-- Given data follows --

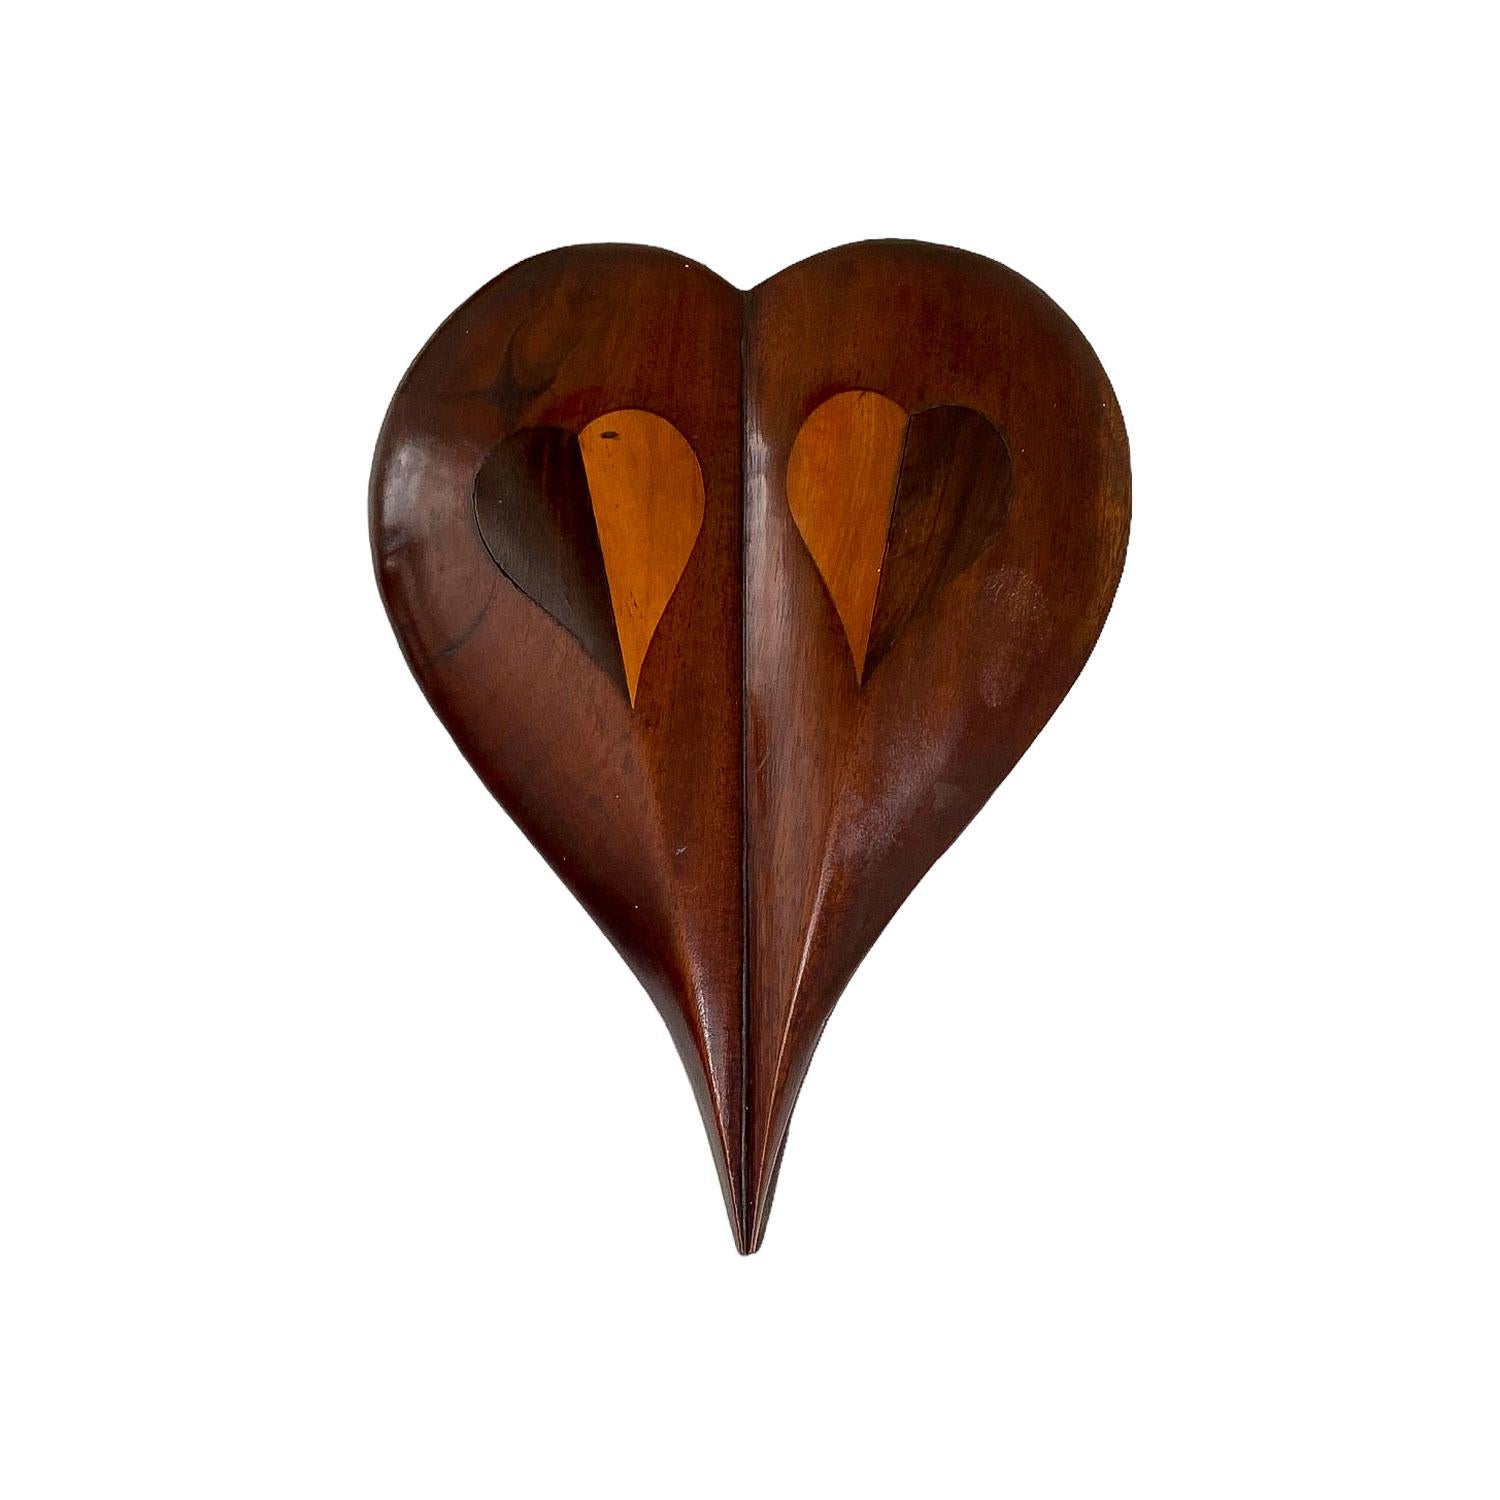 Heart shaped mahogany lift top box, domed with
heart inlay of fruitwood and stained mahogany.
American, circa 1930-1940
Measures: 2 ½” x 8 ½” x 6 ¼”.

-- Given data concluded --

**Exercise prompt:** If the material above contains pictures, exclude them from an otherwise exact transcription.

**Written response:**
 Heart shaped mahogany lift top box, domed with
heart inlay of fruitwood and stained mahogany.
American, circa 1930-1940
Measures: 2 ½” x 8 ½” x 6 ¼”.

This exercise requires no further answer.